• [Try it]: With pictures left out, retype the lines from the start of the records through the one that contains "OSRAM Filament LED".
● ● ● ● ● ● ●
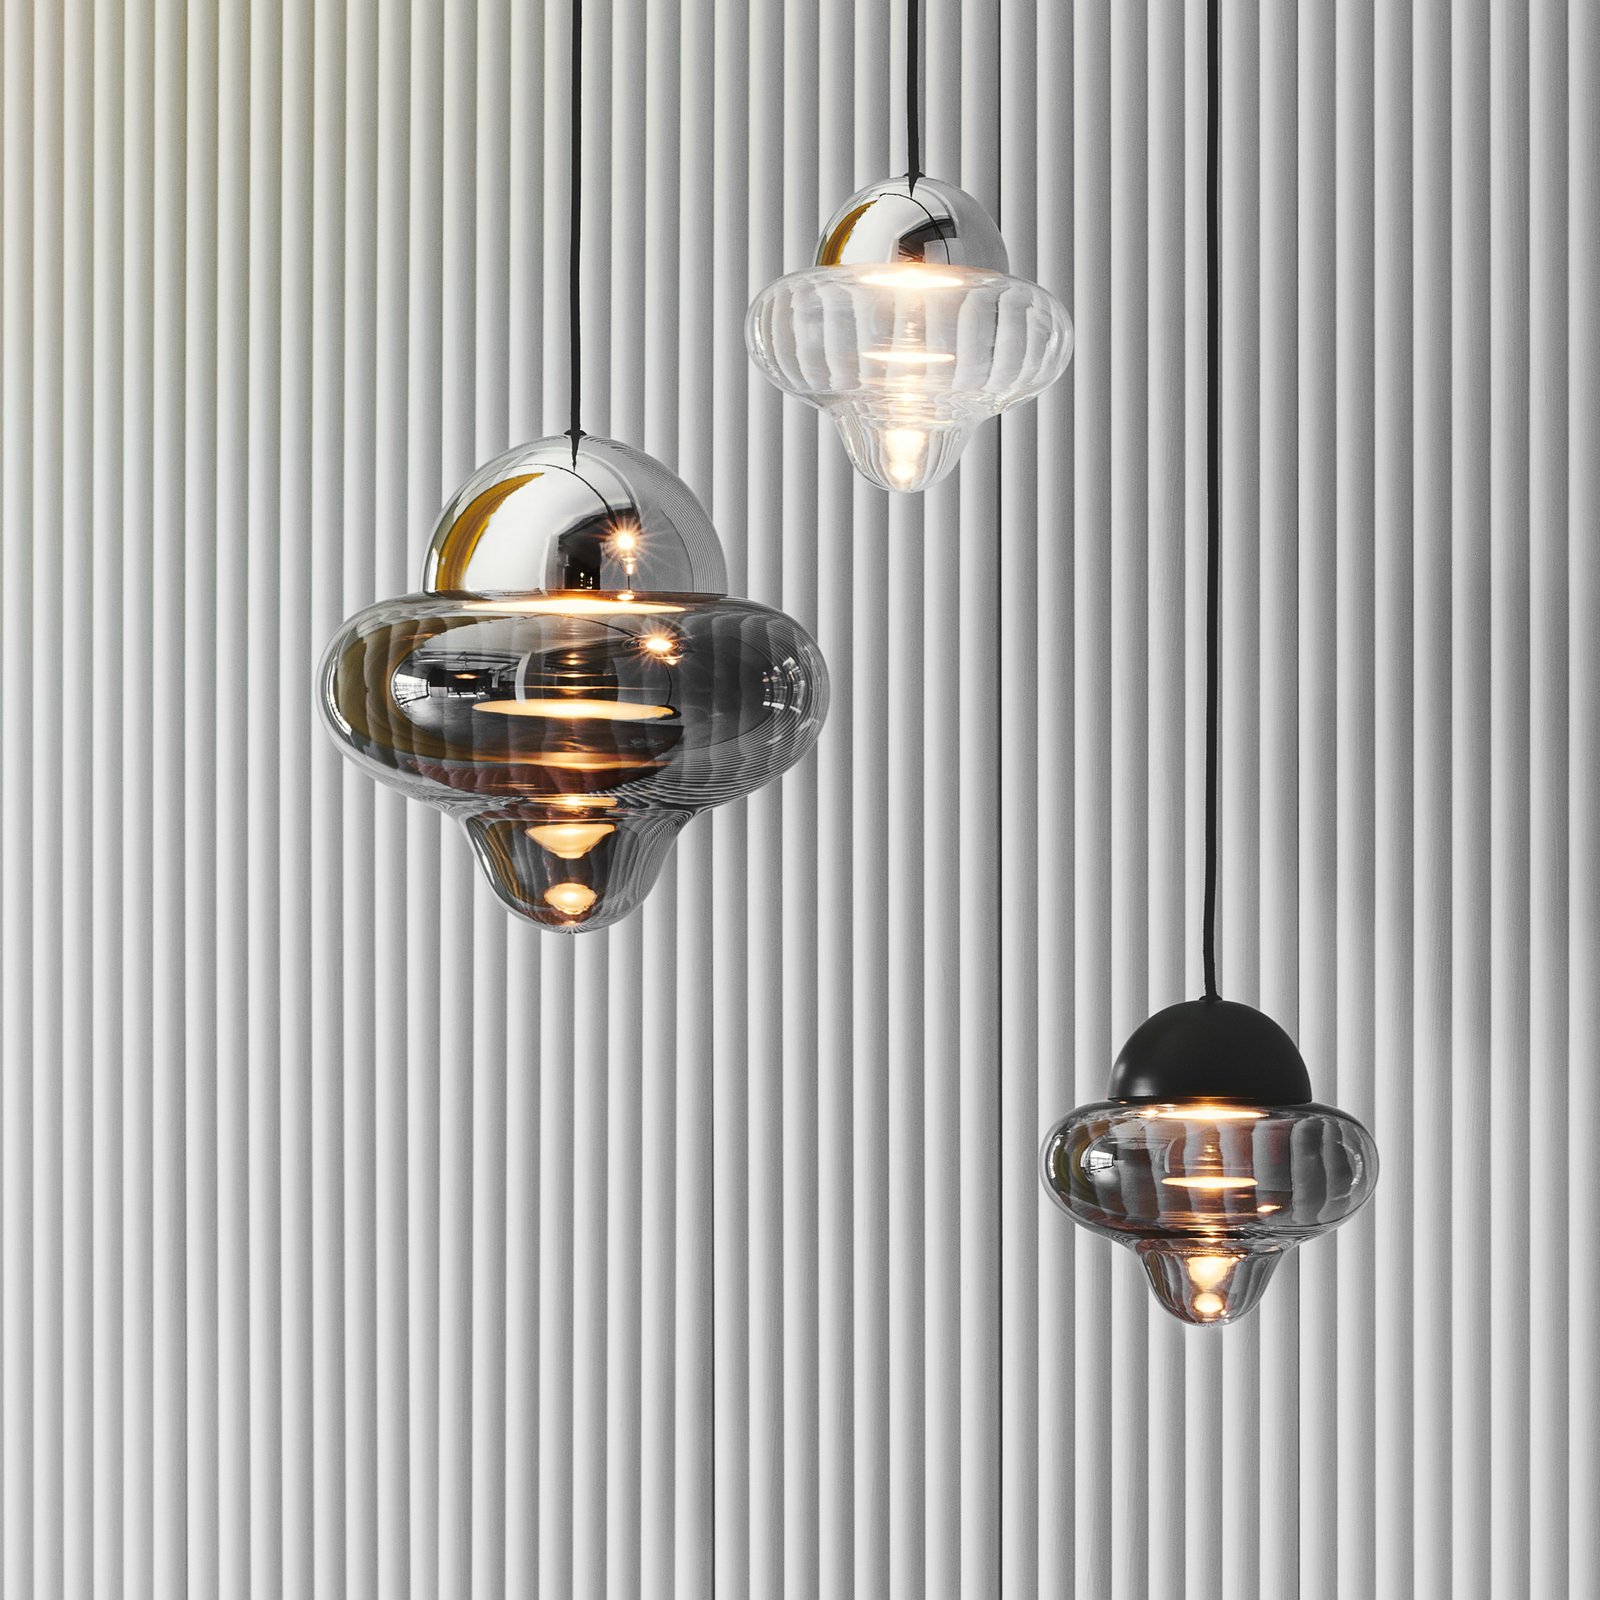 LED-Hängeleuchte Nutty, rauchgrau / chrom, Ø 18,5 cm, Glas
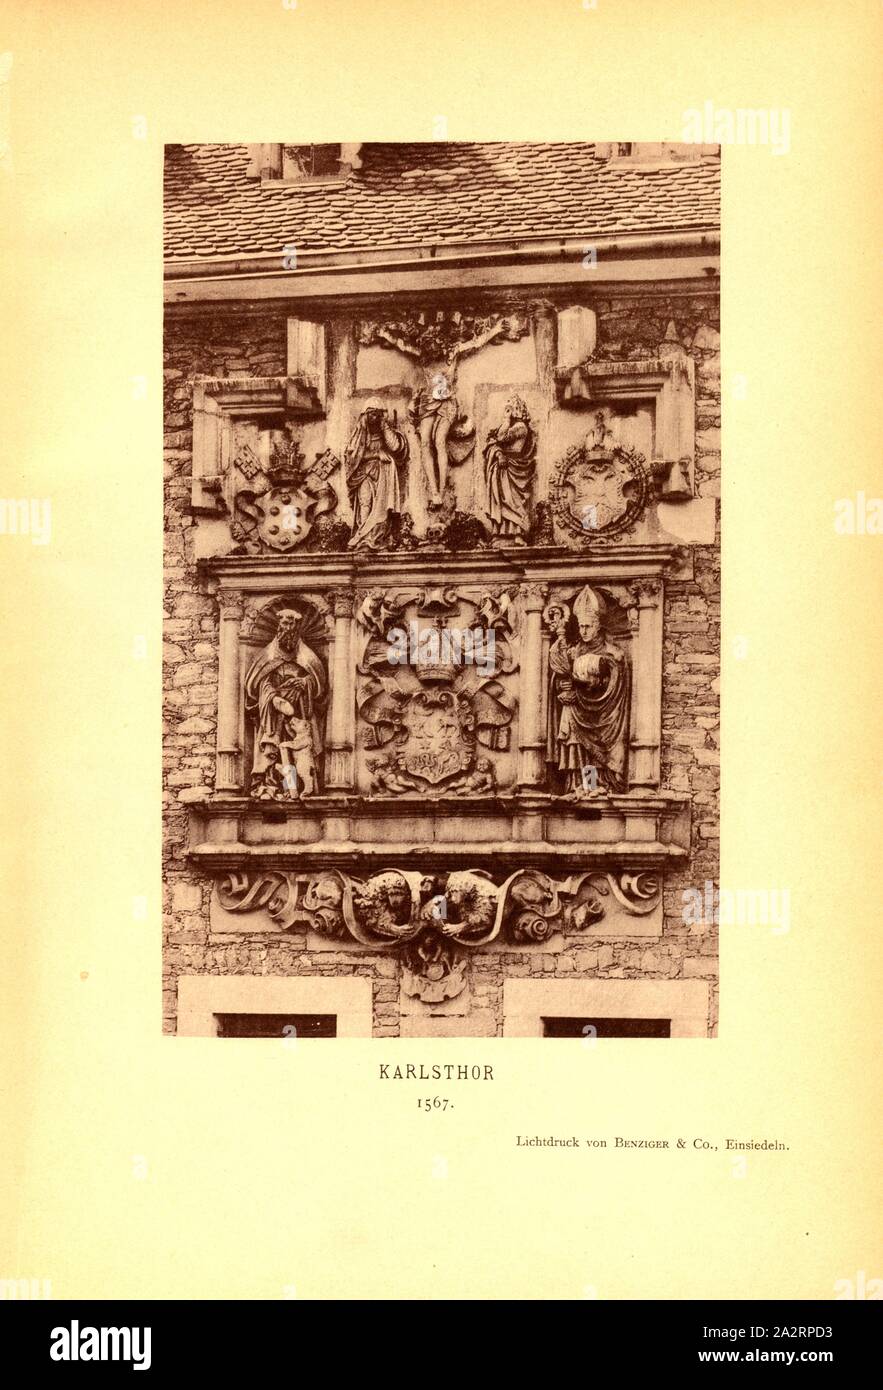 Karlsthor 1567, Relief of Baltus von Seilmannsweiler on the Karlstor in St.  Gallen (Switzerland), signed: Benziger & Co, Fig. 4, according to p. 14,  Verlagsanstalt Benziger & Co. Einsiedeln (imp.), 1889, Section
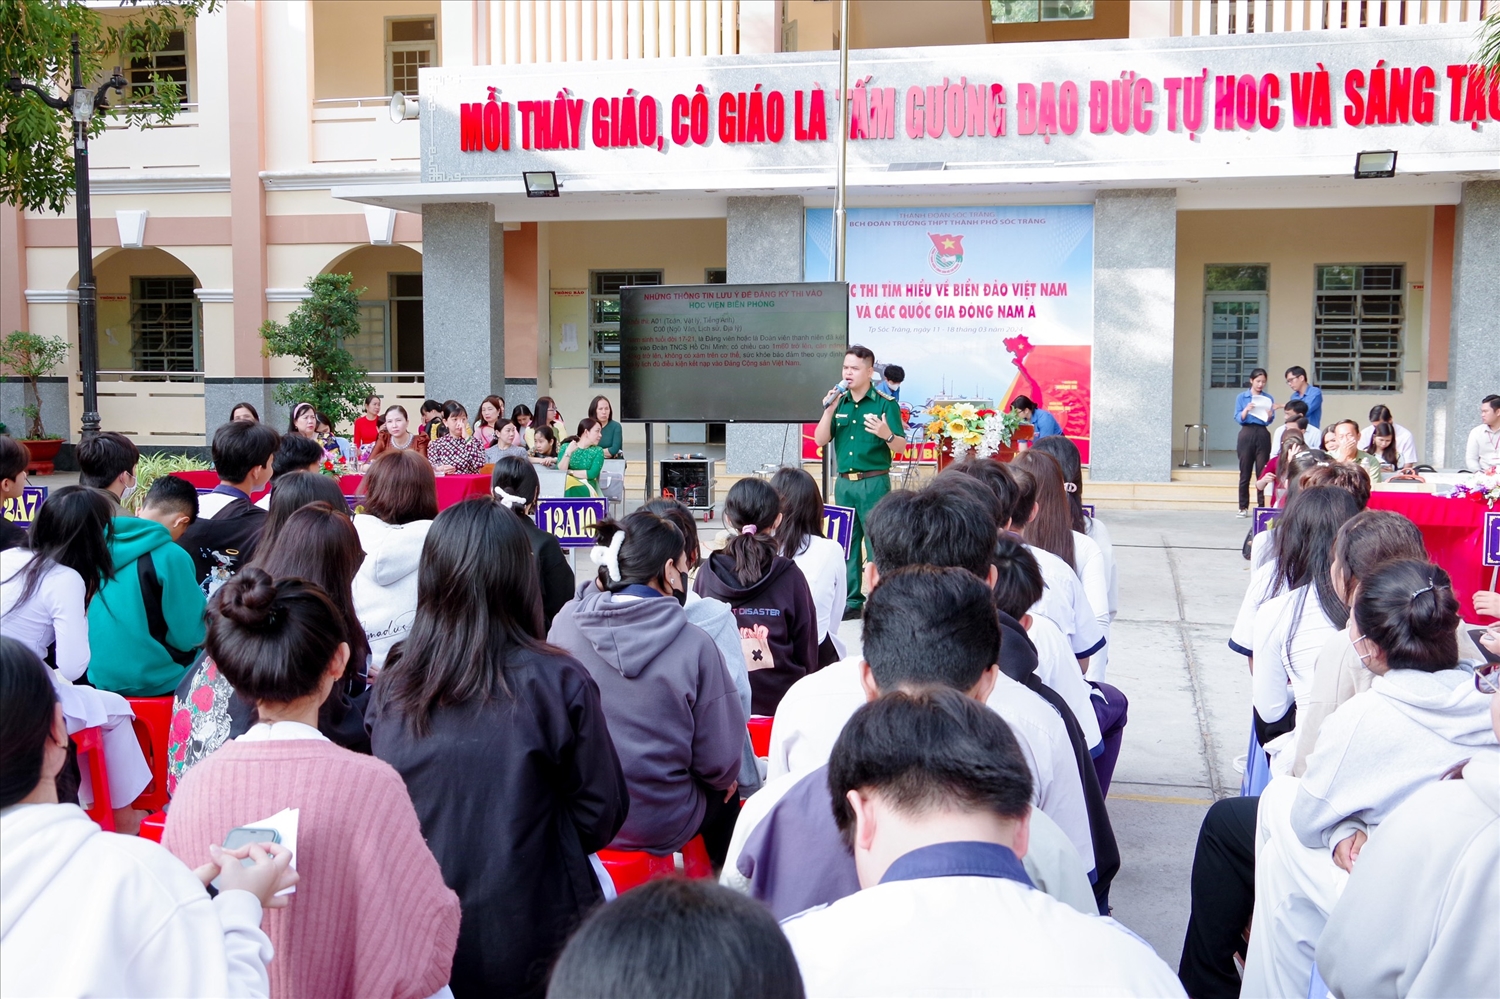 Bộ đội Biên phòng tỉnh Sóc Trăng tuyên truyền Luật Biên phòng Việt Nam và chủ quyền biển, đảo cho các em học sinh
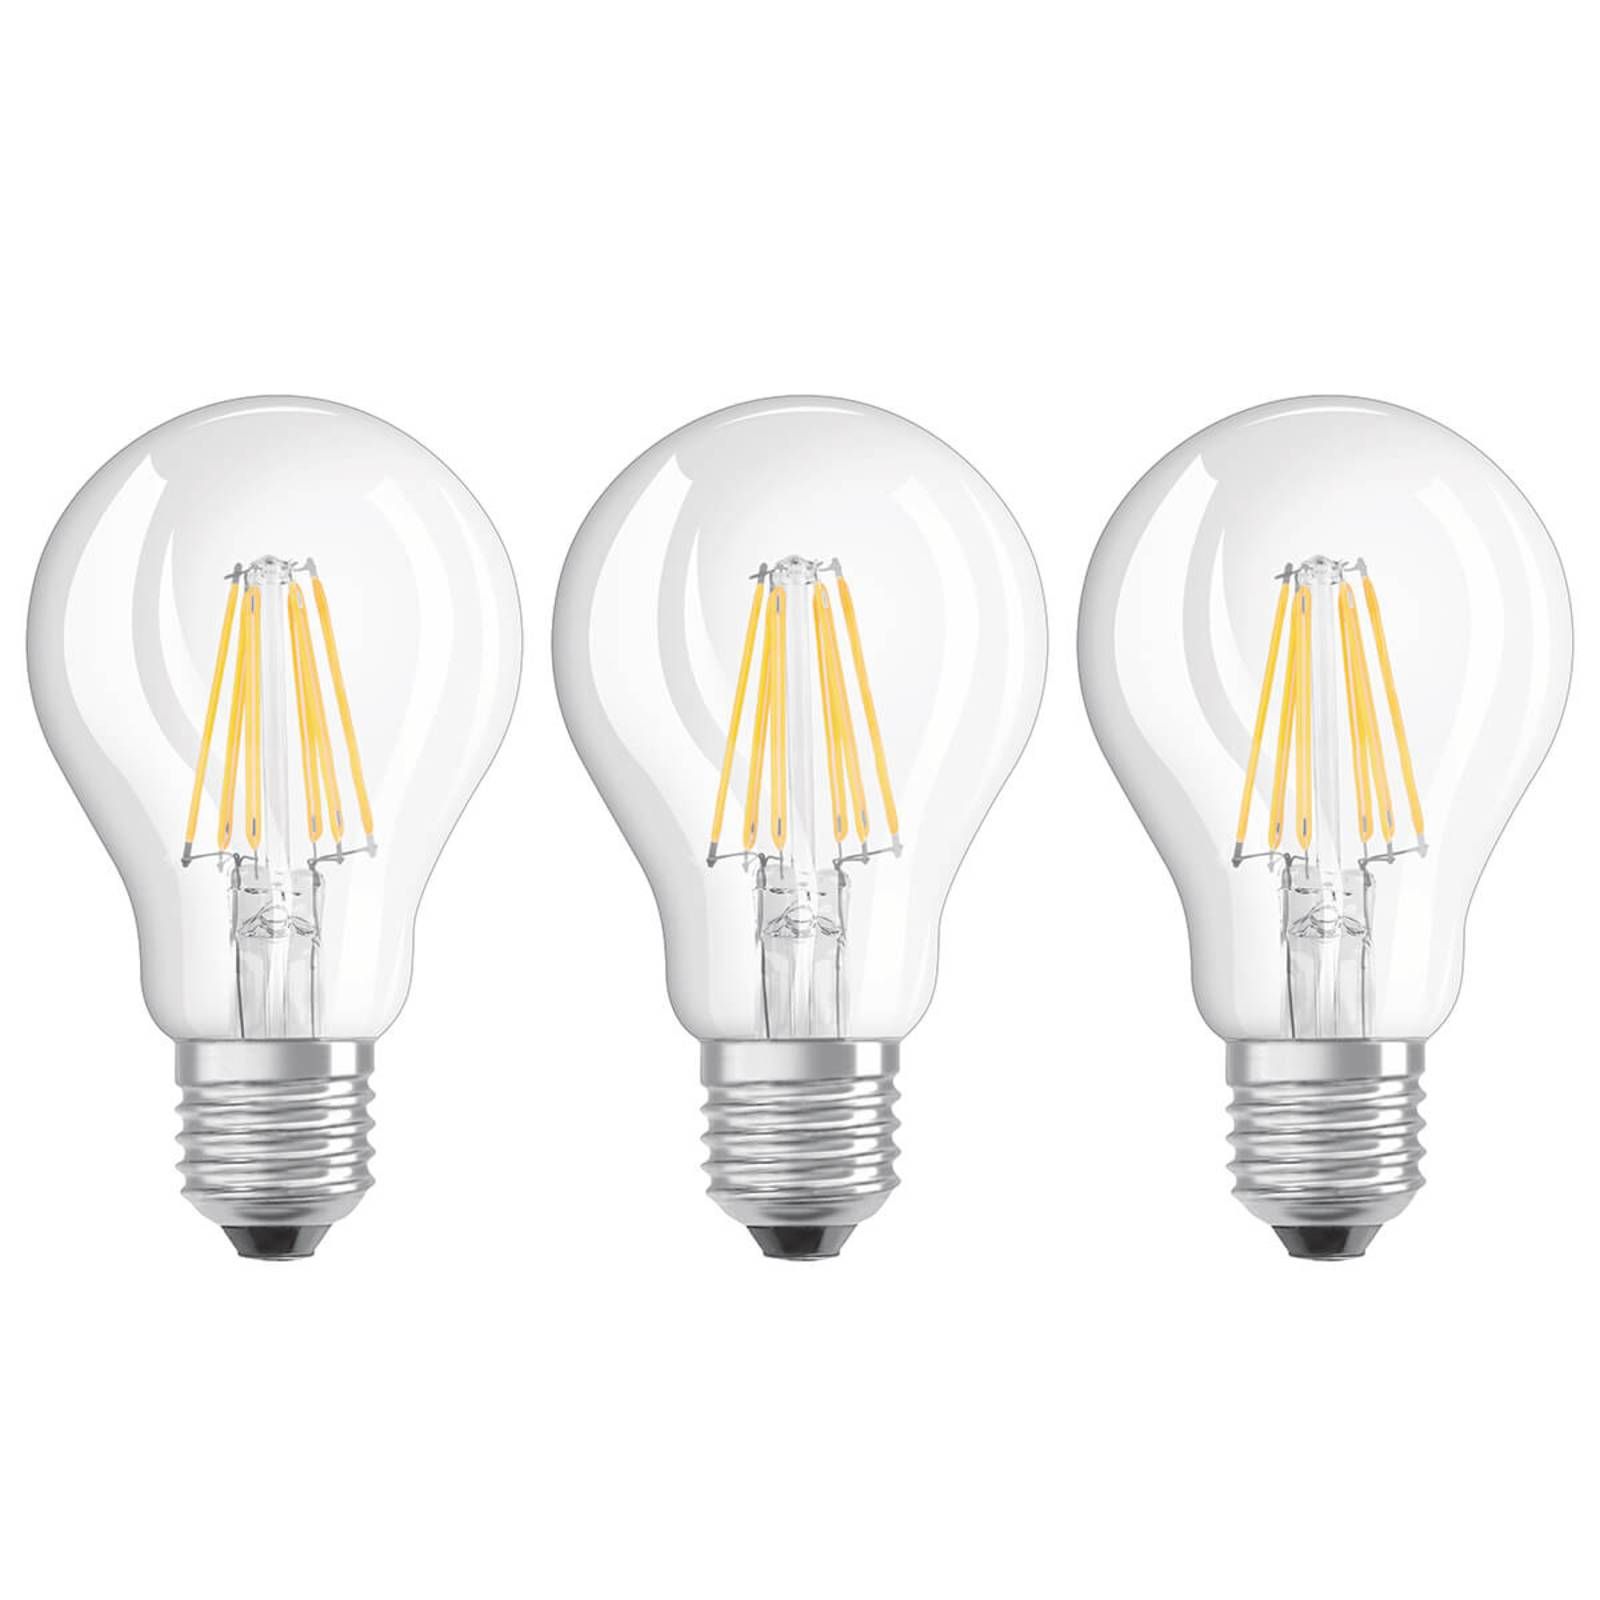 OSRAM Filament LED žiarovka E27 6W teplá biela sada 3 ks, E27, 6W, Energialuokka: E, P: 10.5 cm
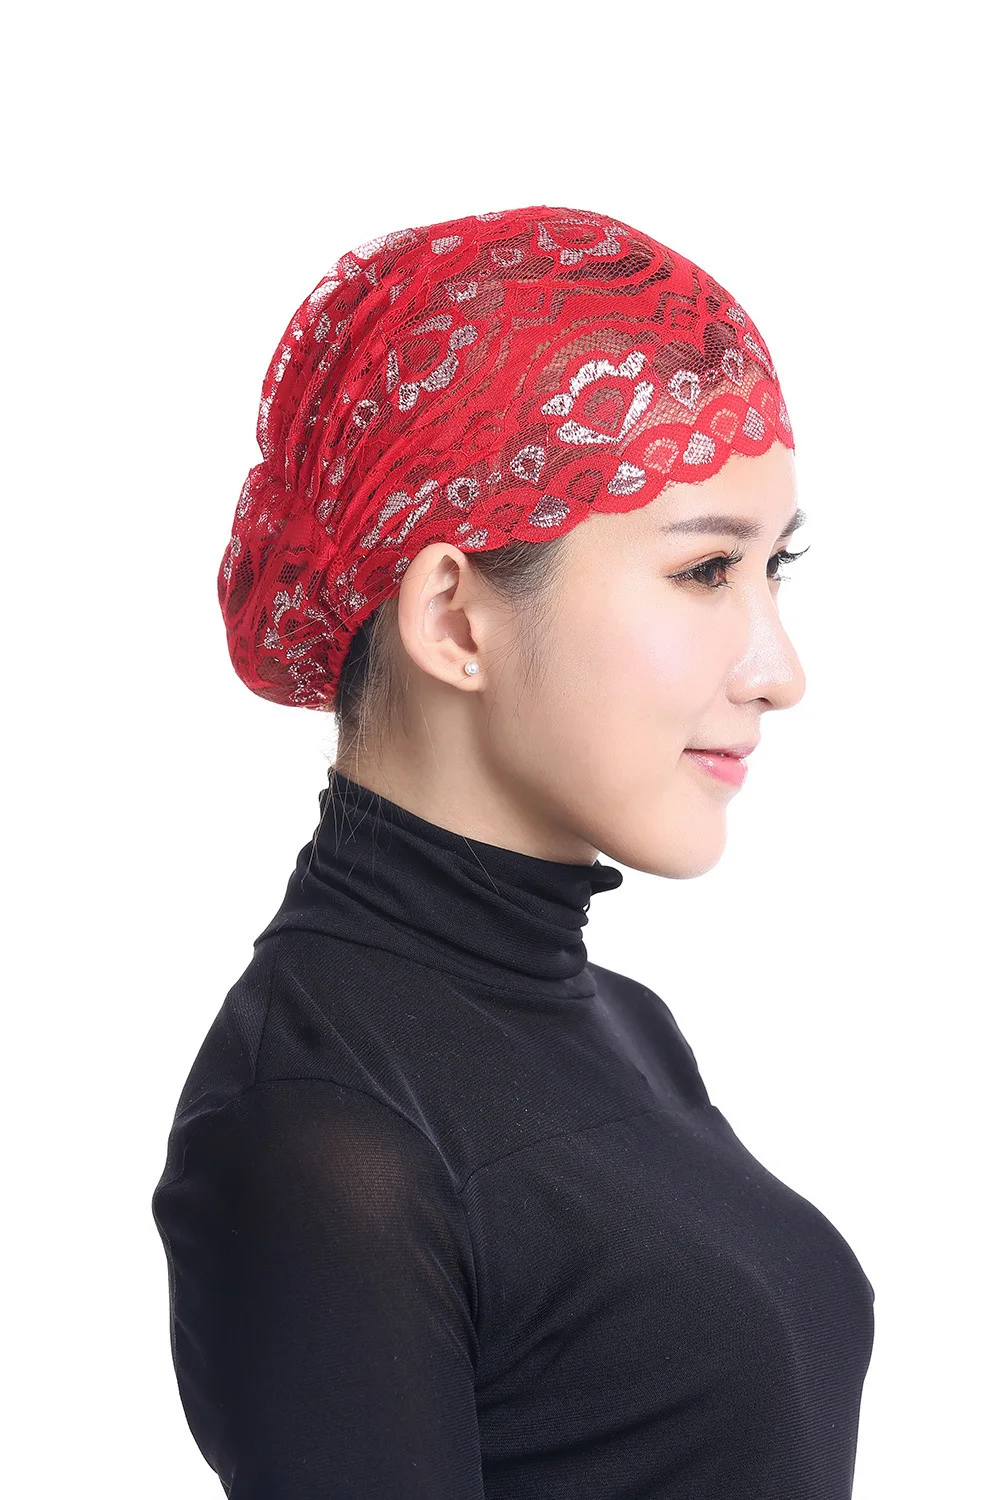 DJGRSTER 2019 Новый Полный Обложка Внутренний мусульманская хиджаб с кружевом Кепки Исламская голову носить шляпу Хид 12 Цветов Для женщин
● ● ● ● ● ● ●
• [Final answer]:
 LED-Hängeleuchte Nutty, rauchgrau / chrom, Ø 18,5 cm, Glas
 Karlsthor 1567, Relief of Baltus von Seilmannsweiler on the Karlstor in St.  Gallen (Switzerland), signed: Benziger & Co, Fig. 4, according to p. 14,  Verlagsanstalt Benziger & Co. Einsiedeln (imp.), 1889, Section
 Bộ đội Biên phòng tỉnh Sóc Trăng tuyên truyền Luật Biên phòng Việt Nam và chủ quyền biển, đảo cho các em học sinh
 OSRAM Filament LED žiarovka E27 6W teplá biela sada 3 ks, E27, 6W, Energialuokka: E, P: 10.5 cm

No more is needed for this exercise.